Finland’s government announced Sunday that the nation would apply for NATO membership, hours before Sweden’s governing party announced that it also supported joining the alliance. If accepted into NATO, as is widely expected, both Nordic nations would cast aside a long history of military nonalignment, as they look to the Western alliance for protection against Russian aggression. NATO leaders said they would accelerate Finland and Sweden’s membership bids, though the process of bringing them fully into the alliance will take time.


The likely expansion of NATO would represent another strategic setback for President Vladimir Putin of Russia. His forces suffered a humiliating defeat in their bid to seize Kyiv, Ukraine’s capital, and other cities in northern Ukraine after launching their unprovoked invasion nearly three months ago. Now they are also struggling in a scaled-back military campaign to seize more of eastern Ukraine.


After quick successes in the early weeks of the war, Russia has “lost momentum” in its renewed offensive in the east, the British military intelligence agency said Sunday, adding that Russia had suffered “high levels of attrition” over the past month.

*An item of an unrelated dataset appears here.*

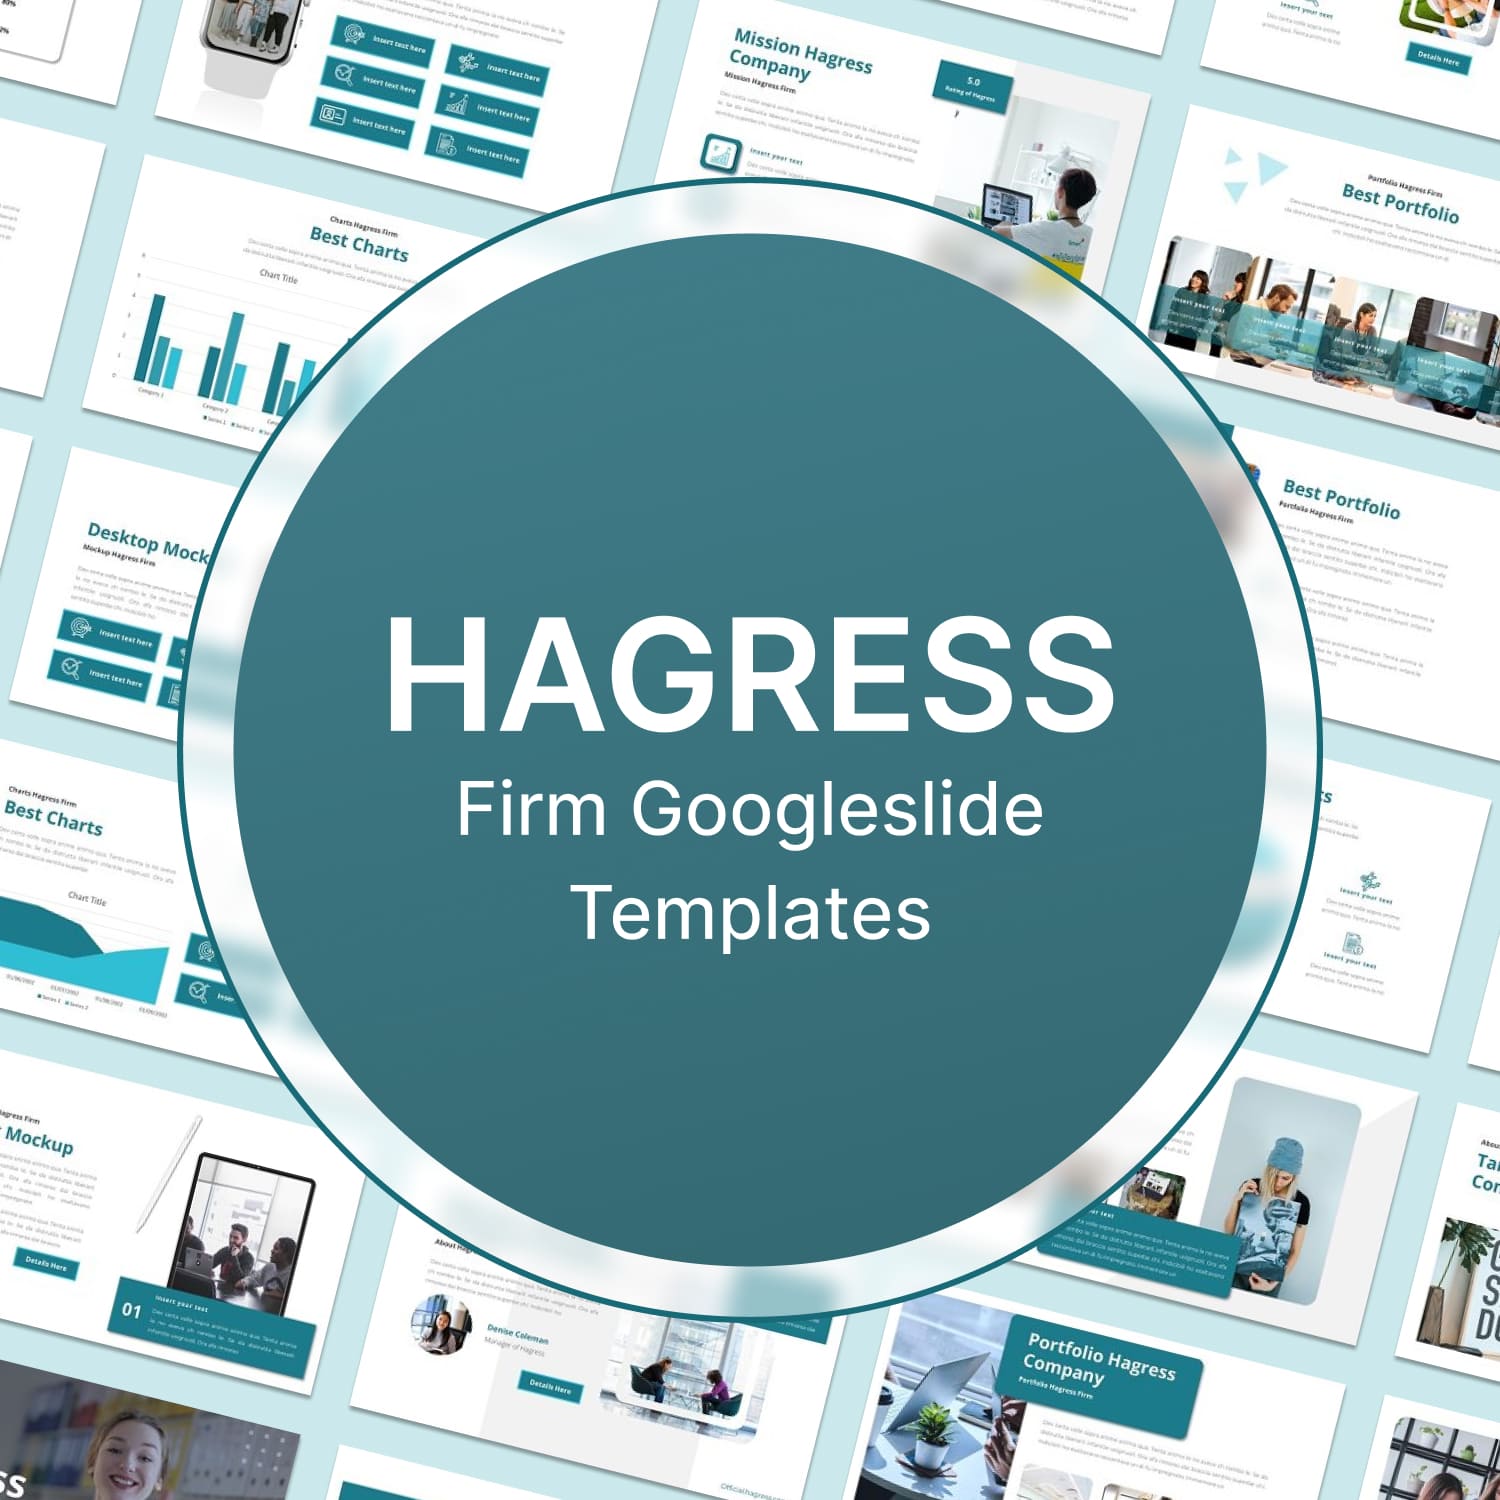 Hagress - Firm Googleslide Templates.

As wave after wave of Russian soldiers try to break through Ukrainian defensive positions in the Donbas region, contributing to severe casualties, the agency assessed that Moscow “has now likely suffered losses of one-third of the ground combat forces it committed in February.”


In other developments:


— Sen. Mitch McConnell, R-Ky., the minority leader, said President Joe Biden should declare Russia a state sponsor of terrorism as President Volodymyr Zelenskyy of Ukraine has urged. “I think it’s a good idea — I would support that,” McConnell said in Stockholm on Sunday. He visited Ukraine on Saturday with three other senior Republican senators to meet with Zelenskyy.


— Hours after its Eurovision Song Contest victory, Ukraine’s Kalush Orchestra released a music video for its winning song that was filmed in the ruins of towns that were heavily bombed during Russia’s invasion.